3. Contact page with form (copy + paste from brixies)
4. Blog post template if you have them.
5. Other pages (again just copy + paste with brixies).

Swap colors, insert text, add images - double check your responsiveness for mobile,

Done.
 
I am a regular Bricks user and like it far more than Elementor.

Basically any site you could show me, I can likely rebuild in a day or 2.

(a local lead-gen probably half a if you have all the assets ready to go like images, info, color palette - or even a base local site you want yours to look like)

I use the following:

Bricks + https://brixies.co/ + https://automaticcss.com/ (this isn't super necessary)

My stack for hosting is also Vultr HF Servers ($6/m) managed with Runcloud.io ($190/yr) + Flyingpress ($175/yr).

--

I've also used like every builder and started with Elementor and it's nested div gloriousness, then used Oxygen before their dev team tried to fuck their lifetime users, only to then say "sike just kidding in Feb. 2025" - but it was already too late and I converted almost everything from Oxygen to Bricks.

There is a bit of a learning curve at first but basically anything you want to edit, you can edit.

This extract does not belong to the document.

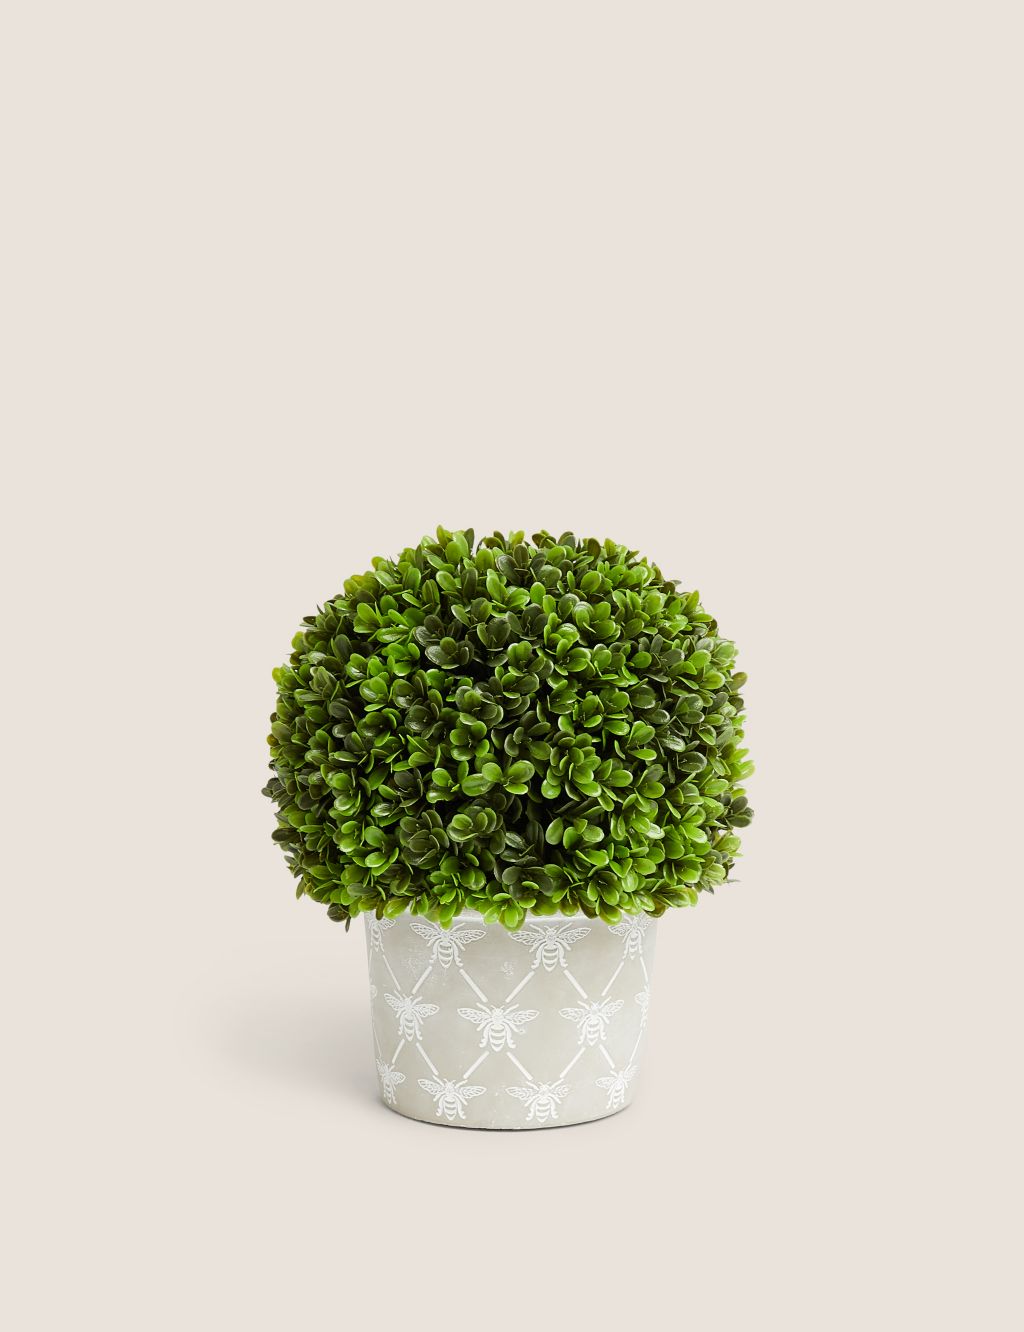 Artificial Topiary Ball in Pot image 1

Also regarding like "support" - the Bricks forum is pretty active, and there's a good chance other people have had the same issue you're having.

But if you're just doing a local lead-gen site, your issues are going to be very minimal.

Even the Brick's devs will get back to you in 24 hours - they had an issue with their licensing server's like 2-3 months ago and got me sorted manually so I could work.


All that stuff is easy to template:

1. Header + Footer
2. Homepage lander with CTAs (most of which you can just copy + paste if you're using Brixies).
3. Contact page with form (copy + paste from brixies)
4. Blog post template if you have them.
5. Other pages (again just copy + paste with brixies).

Swap colors, insert text, add images - double check your responsiveness for mobile,

Done.
Thank you for the insight. I appreciate the info.
I have to cut overhead as much as I can right now. So I’m going to stay with elementor and implement the above ideas. If things don’t pan out, I will consider Bricks and whatever else I need. If I can do without it, even for a little while, I will.

My website is real simple. Anyone with an inkling of design or coding experience could probably reproduce it in a few hours.